Register with discount code ‘RNABLG13’ for 20% discount and free RNAi Therapeutics blog T-shirt here.

Reading through the abstracts of conferences like this one is helpful in understanding the trends in a scientific field.  As an appetizer, the following will highlight a few of those promising scientific directions, challenges, and future investment flows as seen through the lens of an RNAi Therapeutics nerd.


Delivery, delivery, delivery

An old headline, but as the key value-driving effort, delivery naturally is a focus of an RNAi Therapeutics conference.  Importantly, the two most advanced and promising systemic delivery technologies, SNALP/LNPs and DPCs, are represented.  Pieter Cullis, an academician with ties to the Tekmira, AlCana, and Alnylam love triangle, will be talking about Tekmira-type LNPs.  Interestingly, while these LNPs are known to have applications for knocking down genes in the liver, solid tumors, and potentially sites of inflammation and lung epithelia in aerosolized form, the abstract notes their use in the central nervous system (CNS) for serious neurological disorders.  Of course, the CNS is the organ with many of the major unaddressed medical needs, so I am curious whether there will be actual data showing good distribution and efficacy of LNPs in this organ.  While I consider the CNS challenging in terms of achieving wide distribution with direct administered nanoparticle-based delivery technologies, the immune challenges of nanoparticles, including complement activation and phagocytic uptake, might be lessened in this organ.
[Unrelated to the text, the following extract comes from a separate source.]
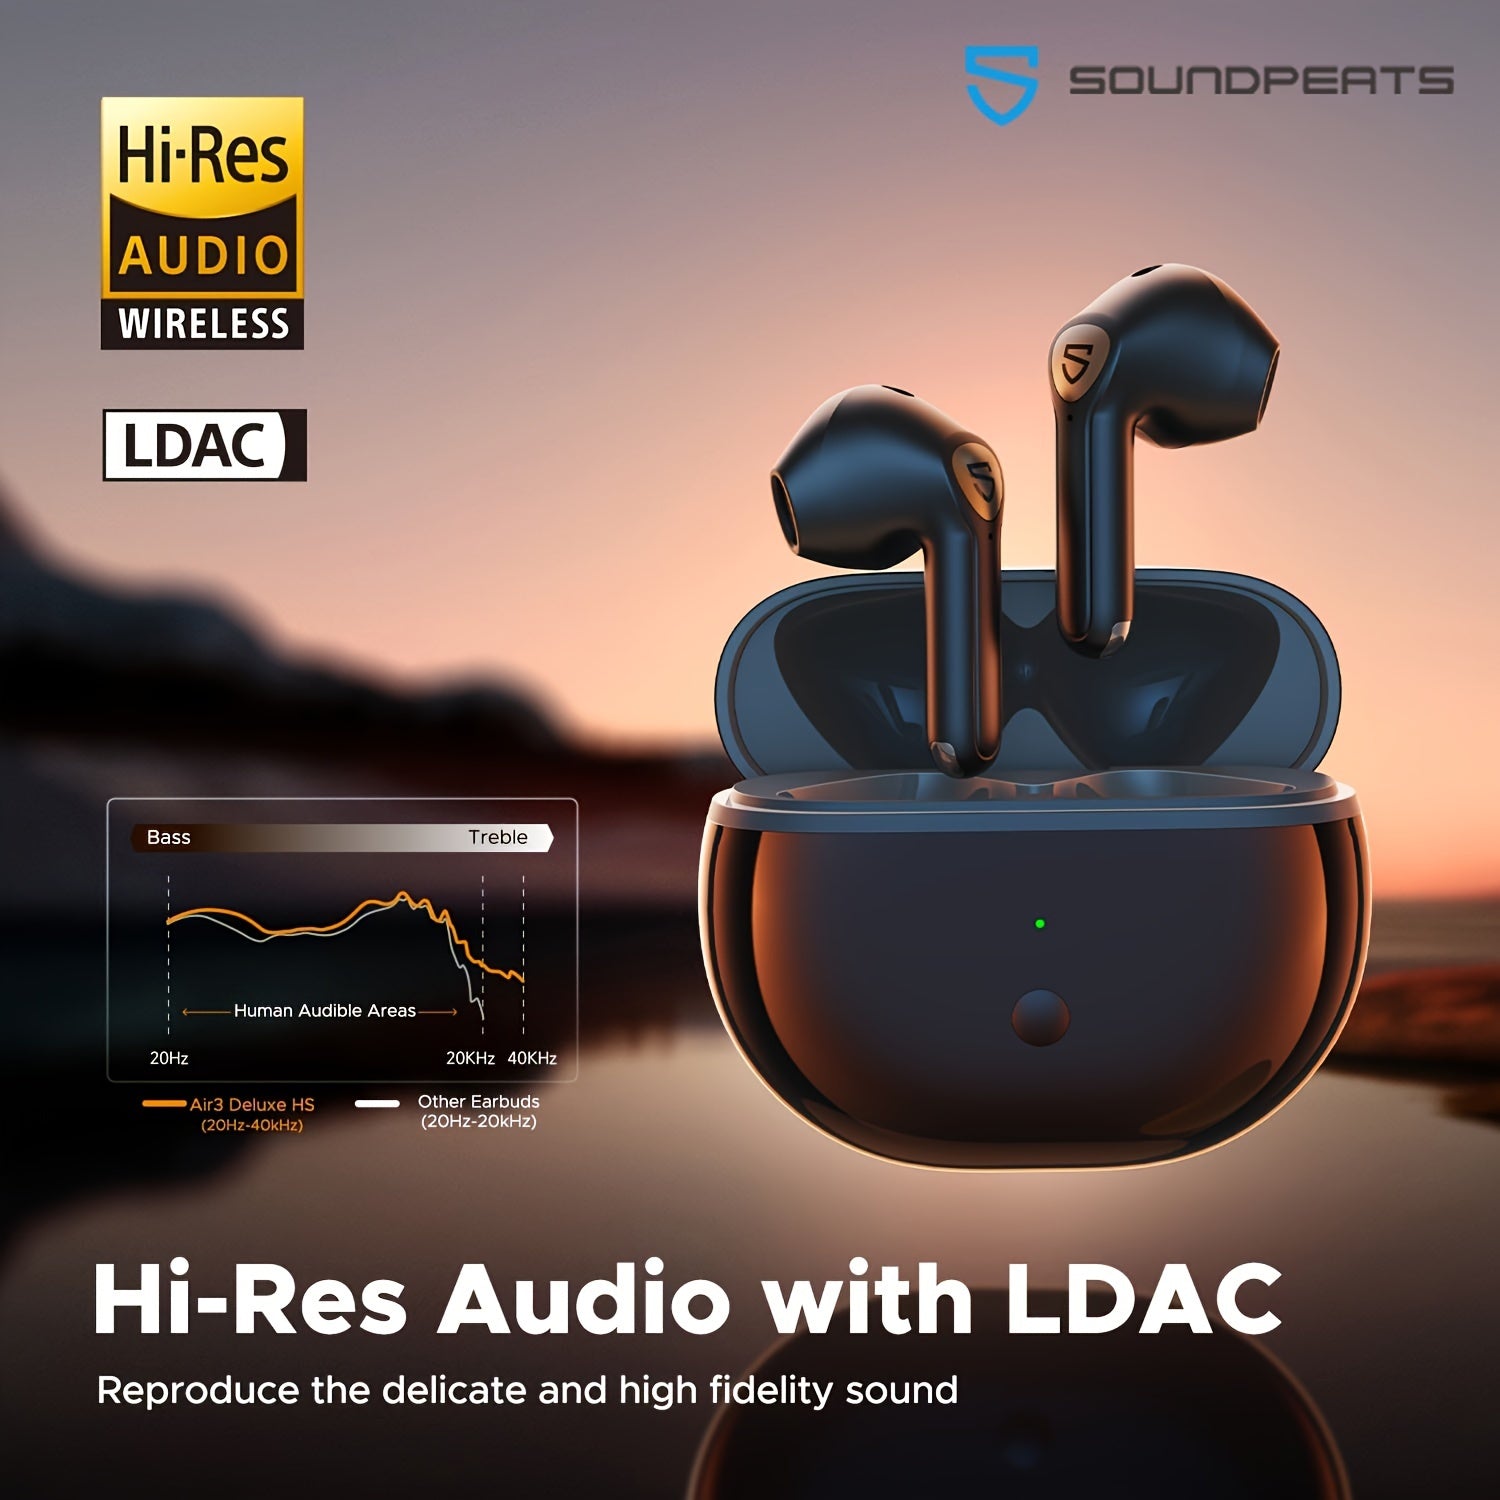 SOUNDPEATS Wireless Earbuds Air3 Deluxe HS With Hi-Res Audio Certification And LDAC Codec, Wireless 5.2 Earphones With 4 Mics And ENC For Calls, 14.2mm Driver, 60ms Low Latency Game Mode

David Lewis from Arrowhead Research will present the latest about the exciting DPC delivery technology, including data from the chronic HBV program (ARC520).  By then, IND-enabling tox studies for ARC520 should be completed and the first DPC-related IND filed.  His talk should also be of interest to those not as obsessed about DPCs as I am as he will speak about some of the mechanistic insights of the key endosomal escape process, insights which should be more broadly applicable.

Trinna Cuellar from Genentech will be speaking about ‘A systematic evaluation of antibody-mediated siRNA delivery and silencing’.  It seems that Genentech hopes to create RNAi Therapeutics value based on its expertise in monoclonal antibody pharmacology.  The talk should elucidate whether the strategy envisions only minimal antibody-siRNA conjugates, or whether it further embraces other delivery platforms.  Of note, Tekmira once mentioned that it had a technology evaluation with Genentech on antibody-targeted SNALPs and made the bold prediction that ‘Roche will be back’.

Curiously, not one but three presentations concern aptamer-targeted RNAi trigger delivery (note: aptamers are antibody-like nucleic acids).  We have had a number of reports of such aptamer-siRNAs, especially for cancer and HIV infection.  However, these reports have encountered much disbelief, especially since they lacked an explanation for their postulated endosomal escape.  With credible knockdown activity reported with the GalNAc-siRNA conjugates by Alnylam, aptamer-RNAi triggers should be similarly gaining in credibility, especially when combined with self-delivering RNAi trigger chemistries.  An experiment that I would like to see as part of the field regaining credibility is an ASGPR-targeted aptamer-RNAi trigger conjugate (ASGPR is the receptor targeted by the GalNAc sugar).  In addition to building confidence in the approach, it would also be an alternative to GalNAc-RNAi triggers should the sugar moiety cause injection site reactions in humans.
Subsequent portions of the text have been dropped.